I’m a bit spoilt for neighbourhood locals as the sun downs in Soho, but nothing Friday nights me like Bar Italia, a Frith Street institution. Nearly everyone I know loves a lil daylight cappuccino or pre-game vino, or post-pint panini at Bar Italia, and yet I can’t find any former reviews of the Italian stalwart online. I’m not sure if this is suspicious, or cool? Is Bar Italia an open secret? Should it not be spoken of in order to protect it? I’m suddenly worried Bar Italia is the fight club of Soho jaunts, but it’s right there on the street with two neon signs and a hoard of people nursing tumblers on the pavement.

Bar Italia is not strictly al fresco, it’s essentially a long, mirrored, stooled corridor, making it Soho’s chicest narrow way, a thin slice of Italian torta in central London. The outside tables are chequered and wind-clipped, the bar has a Time Team-looking Gaggia coffee machine, churning out the best coffee in London (to disagree with me here is to waste valuable Friday night minutes), but I come here for the red drinks.

There are no airs, no graces. Bar Italia is the opposite of a pop-up, an immovable feast, it feels so forever-ry, reaching backwards and forwards in time as you sit and sip.

I don’t know your personal predilections, but do you ever feel I like you’re going to die if you don’t get some salt and vinegar crisps? This is how I feel about red drinks. I love a Martini, dirty or dry, but the pure gin or vodka can be cruelly alcoholic, leaving me susceptible to early-onset merriment and accidentally offending present company. I like something slower, moodier, a reviver with a footnote, a sliding doors for my night. Sour drinks are nice. Bitter drinks, too. Who among us can resist a half pint and a shot? But nothing comes close to the transformative power of a red drink. A ruby red spritz is a warning shot for merriment. It’s a few spirituous lengths of an alcoholic plunge pool, with the ability to nestle your psyche into the deep shag carpet of your weekend.

Aperol has infiltrated popular consciousness, a pandemic of sickly sweetness, which is fine if you’re a touch older and trying to get your groove back. By all means order a Negroni sbagliato with prosecco if you enjoyed it on Tik Tok. I’m still a devout follower of the father, the son, and the holy spritz, and Bar Italia will do me one with ruby-red Campari (without serving it in that giant Milanese Instagram goblet). Italia has a cicchetti menu, too, but you needn’t stray too far from olives (olives are obligatory with red drinks, I don’t make the rules).

In London, it’s easy to find bars as overworked as you are this week.
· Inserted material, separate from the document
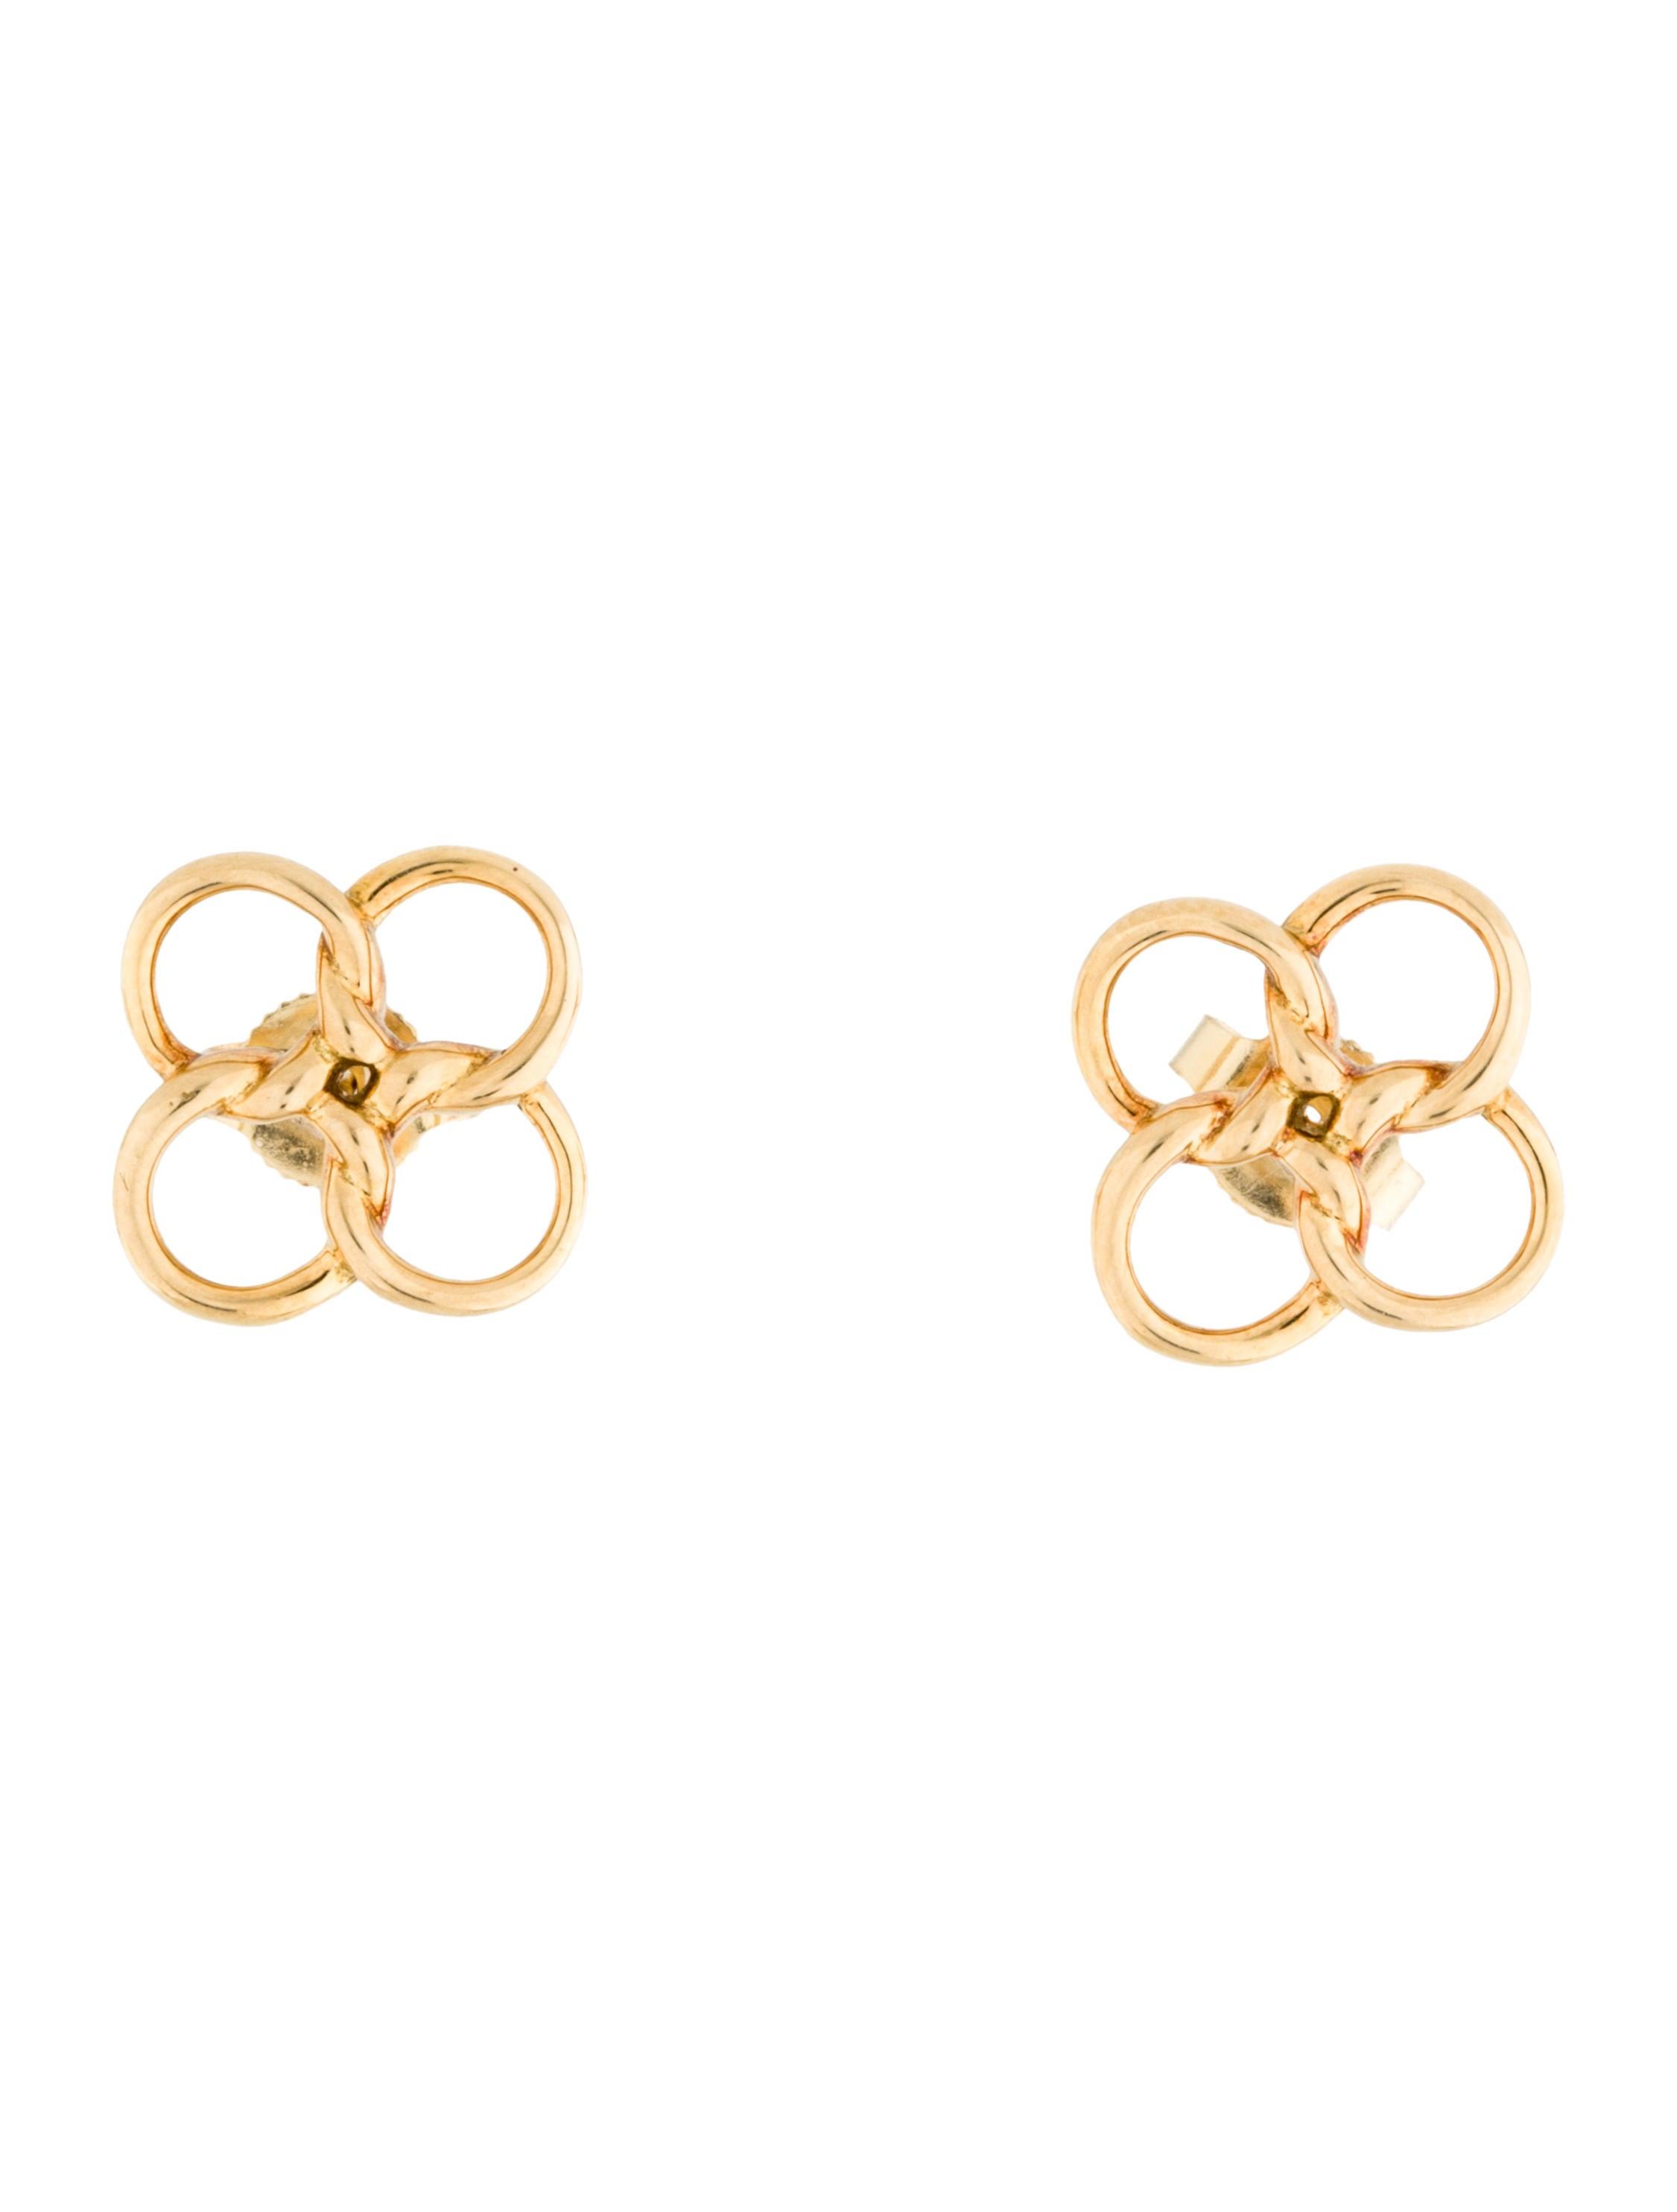 bac3ca89d Tiffany & Co. Quadrifoglio Earrings - Earrings - TIF33450 | The RealReal

Another mixologist in a waistcoat that spends 20 minutes doing you a gin and tonic with ‘smashed cukes.’ I don’t mind pomp, I don’t mind ceremony, but Friday nights are about ease. Bar Italia is not not a bit rundown, a bit hardy, a bit lived in. It’s decorated with Italian memorabilia and flags, a ceiling of miniature Pantones appears at Christmas, but it’s just so un-bougie, un-modernised, a relic that feels reliable rather than raggedy.
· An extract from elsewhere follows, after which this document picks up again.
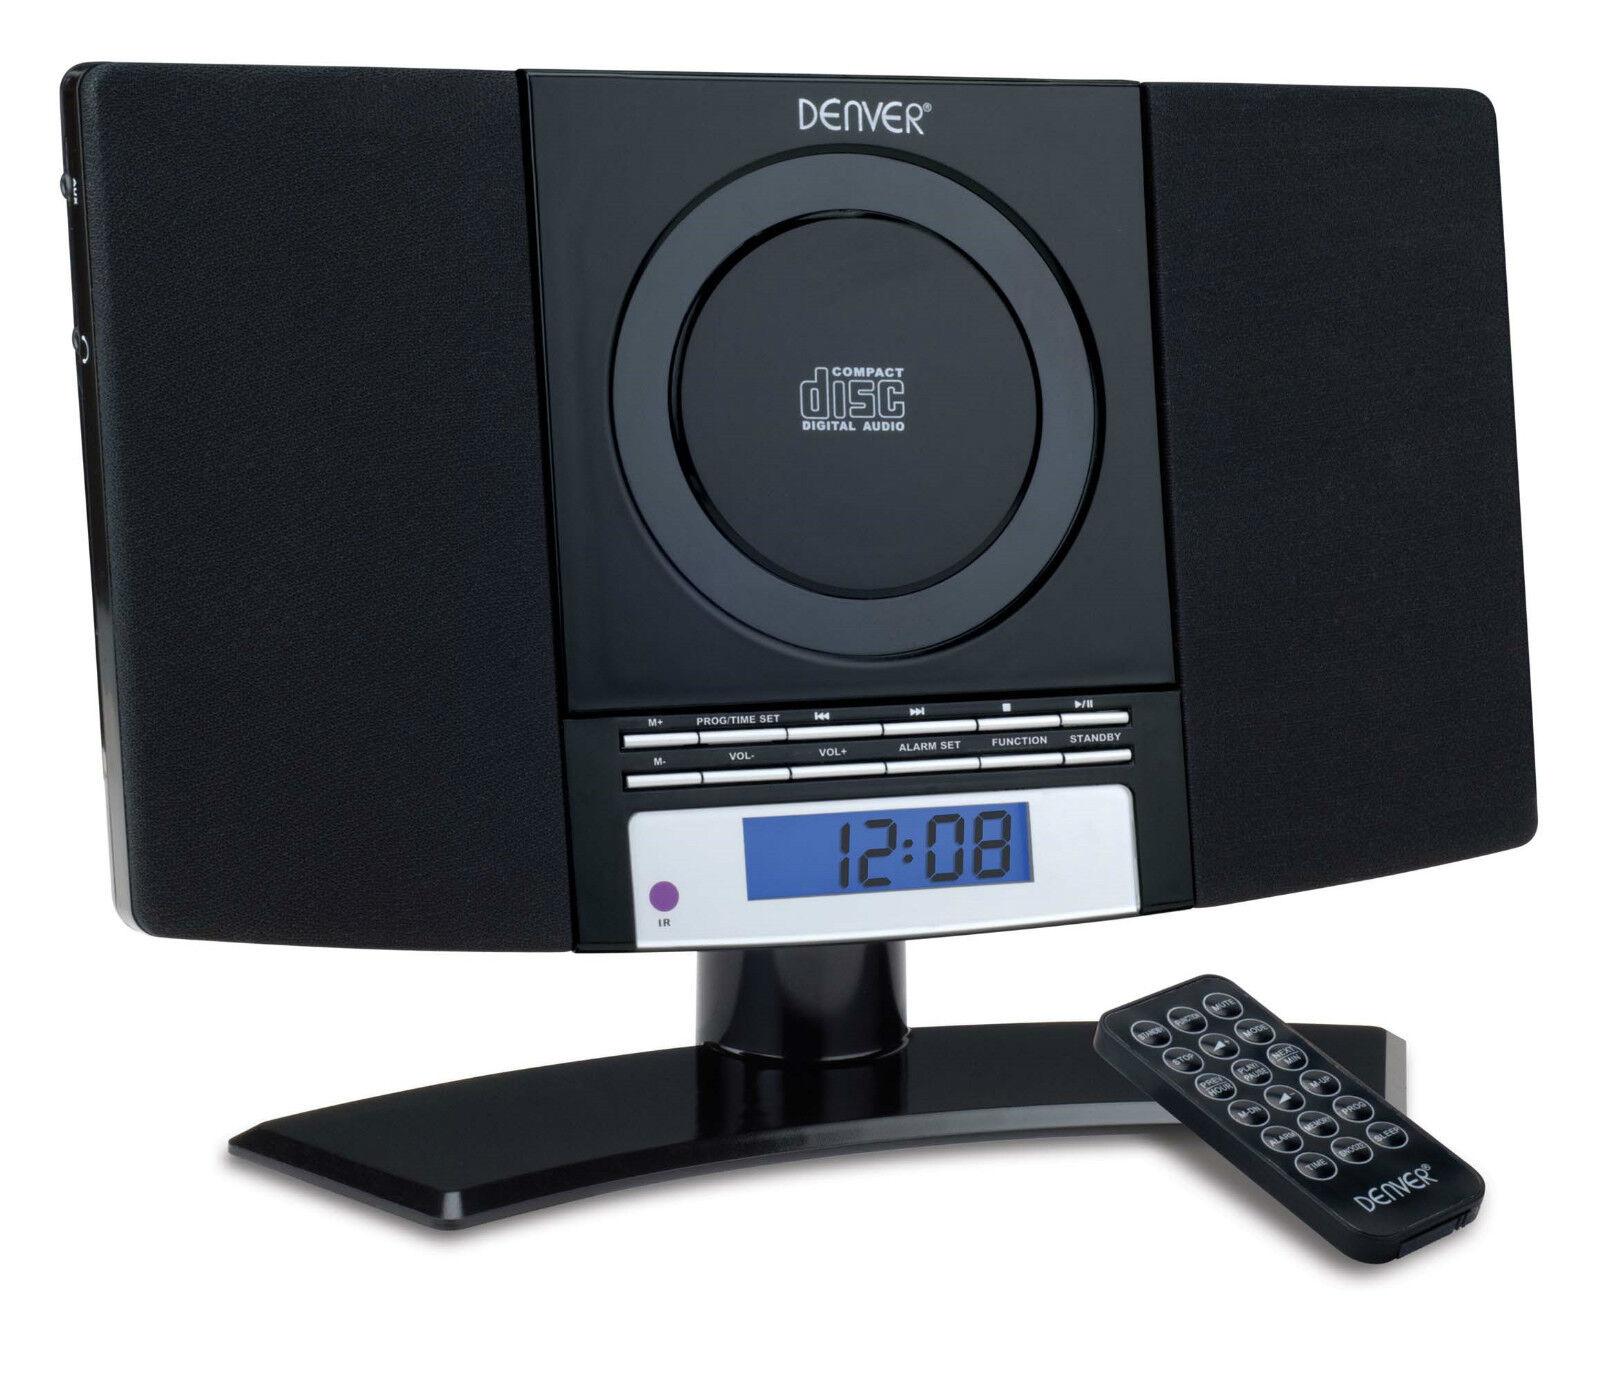 Cd Player Denver Mc 5220 Black Music System Mini Micro

Having opened on Frith in 1949, you can draw clear lines to that postwar make-do-and-mend resolve, of building things to last and taking care of them. There are no airs, no graces, no overbearing, overly polite staff. It’s the opposite of a pop-up, an immovable feast, it feels so forever-ry, reaching backwards and forwards in time as you sit and sip.
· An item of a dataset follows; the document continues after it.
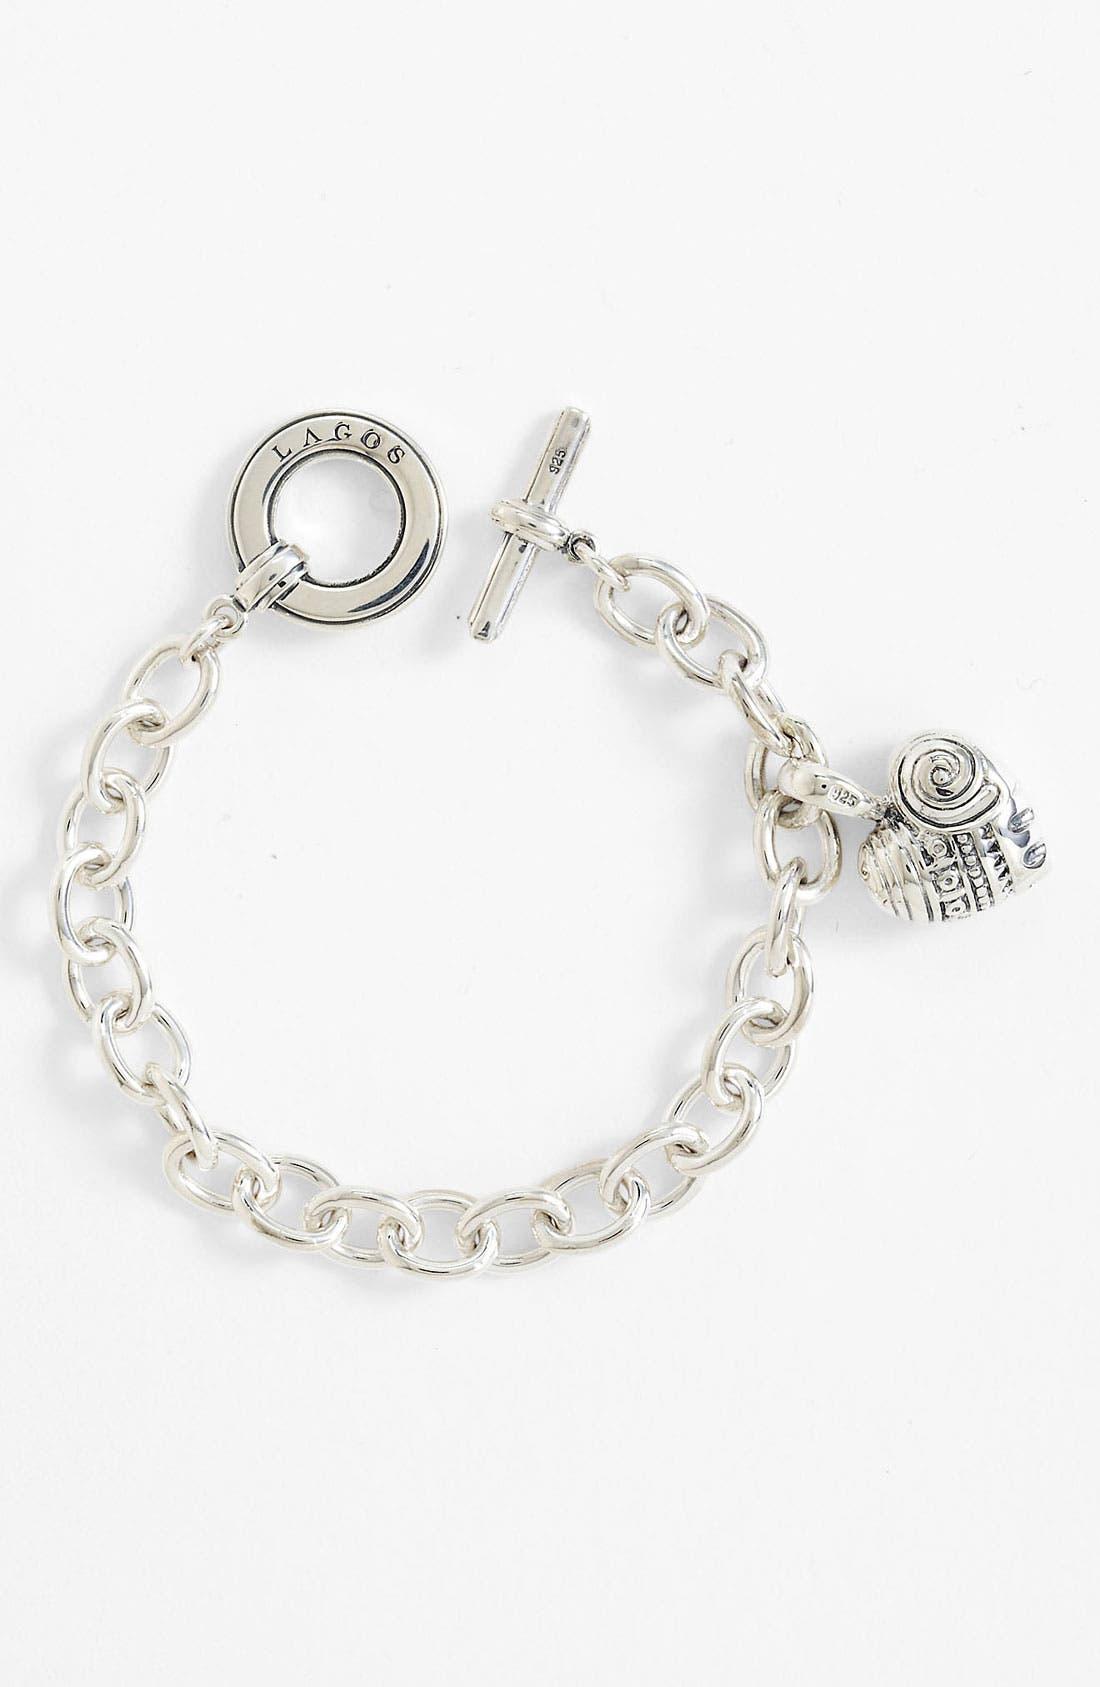 'Hearts of LAGOS' Charm Bracelet,                             Alternate thumbnail 2, color,                             Heart Of New York

It’s unpretentious, un-Michelin, more moody than foodie. This is exactly the kind of authenticity brands are trying to cook up in focus groups. And this is where you need to start your weekend, before your hope flares and then goes out like a match. Remember the power of booze and bar snacks and optimise your Friday night: catch yourself red-handed at Bar Italia.